The AlgorithmAPI class is designed to provide a unified interface to the algorithmic classes and dynamic XDL execution. The class contains methods to parse the reaction parameters into parameter-agnostic data arrays suitable for the numeric optimization algorithms, initialize algorithm classes, query data for the next setup and save the intermediate results.

Available algorithms

1. Random search Random search algorithm relies on the random submodule of the NumPy library.5 The suggestion of this algorithm is a random number array (sampled from a uniform distribution) within the parameters constraints. The following parameters are available to construct the algorithm’s class:

  • random_state – a seed to initialize low-level random number generator, used to preserve reproducibility across multiple optimization runs.

2. Genetic algorithm A basic genetic algorithm was written and adopted for the sequential optimization of chemical reactions. It uses truncation selection, single point crossover, and random reset mutation while preserving the best solution (elitism). In case of premature convergence, the population is reinitialized. The key hyperparameters to tune are:

  • pop_size – Number of individuals in the population.
  • mutation_rate – Probability (0 to 1) of mutating a gene.

3. Sequential model-based optimization (SMBO) The algorithm implementation is based on the scikit-optimize python library and provides a simple and efficient library to minimize expensive and noisy black-box function.

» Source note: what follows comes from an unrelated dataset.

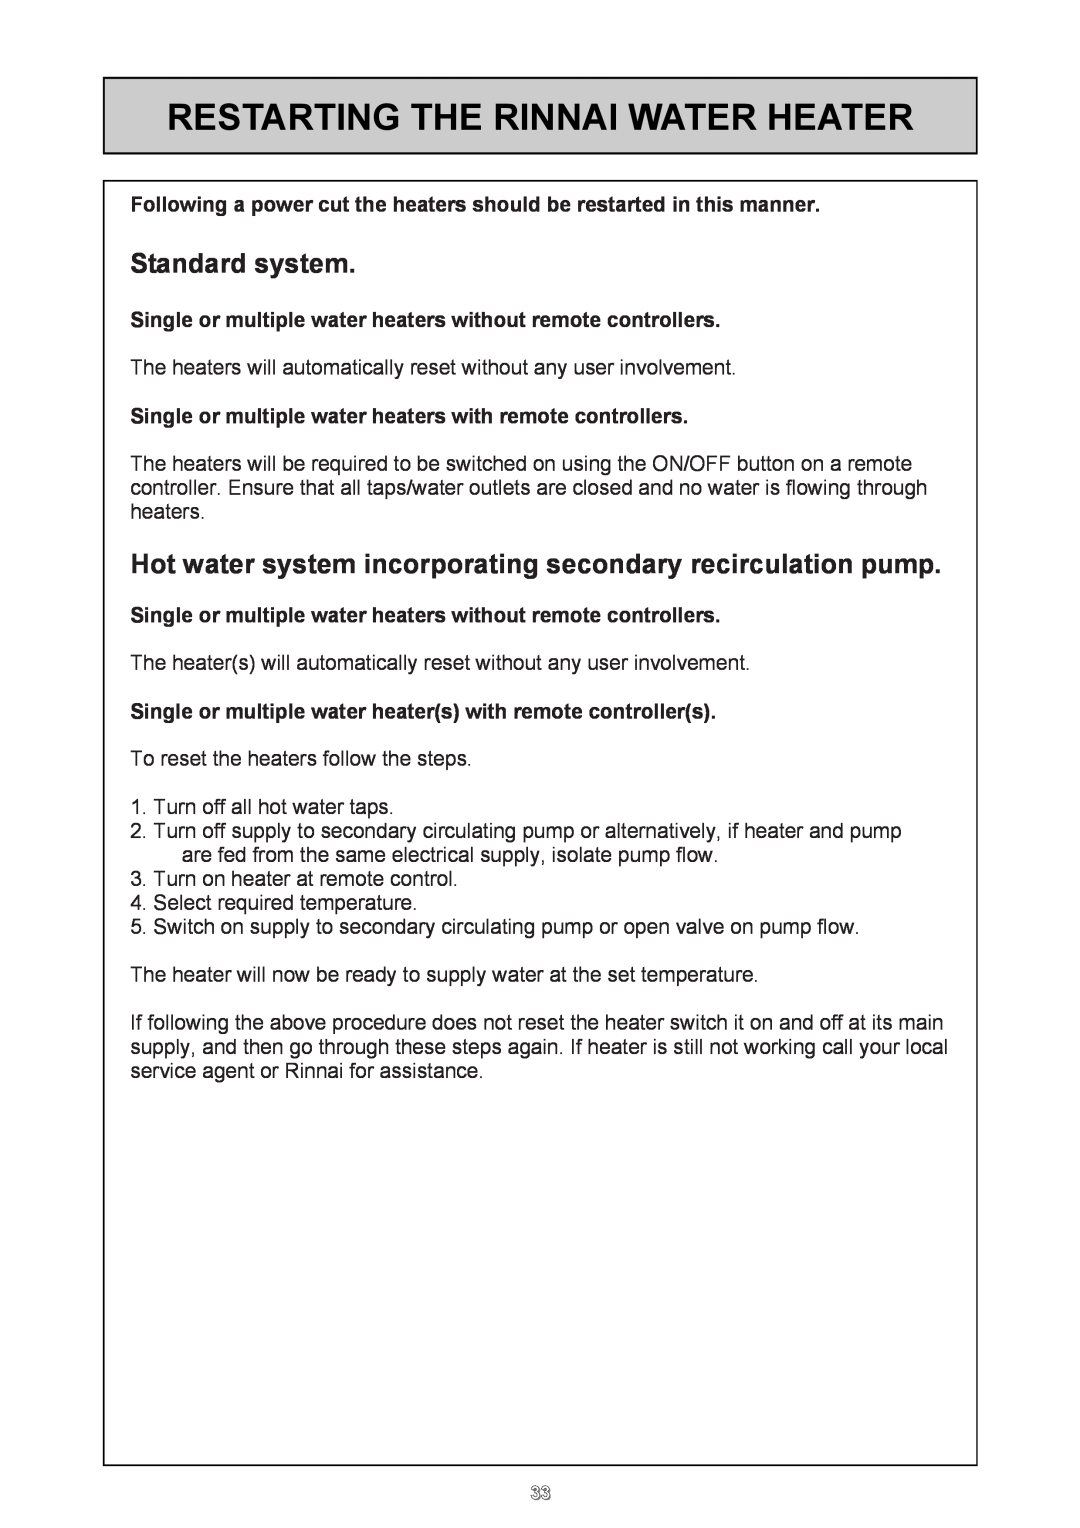 Rinnai 24e user manual Restarting The Rinnai Water Heater, Standard system 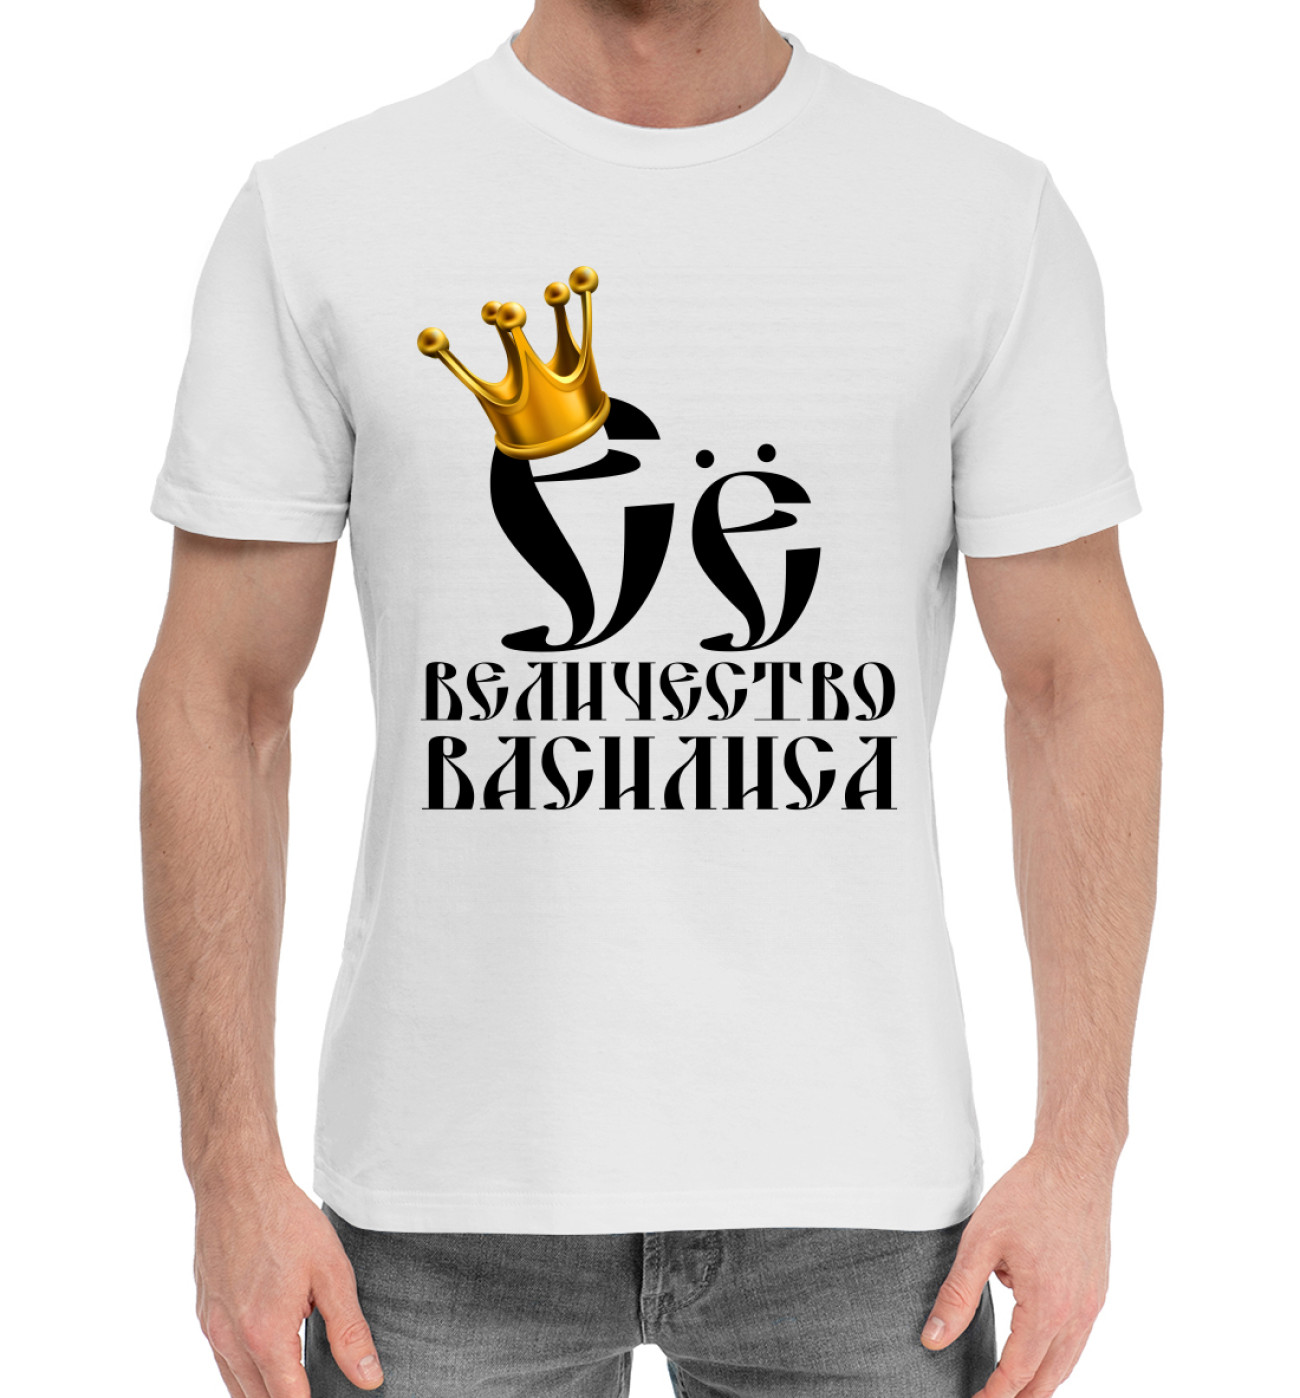 Мужская Хлопковая футболка Её величество Василиса, артикул: VSS-460107-hfu-2

The parameters for the underlying algorithm are listed in the official documentation.

4. Design of Experiments Several experimental designs are available via a wrapper for pyDOE2. Available designs include full and fractional factorial designs, Response-surface designs, and randomized designs. The wrapper calls the appropriate pyDOE2 functions to generate the design matrix and maps the levels onto the appropriate parameter values based on the search space bounds. For details, checkout the original documentation for pyDOE.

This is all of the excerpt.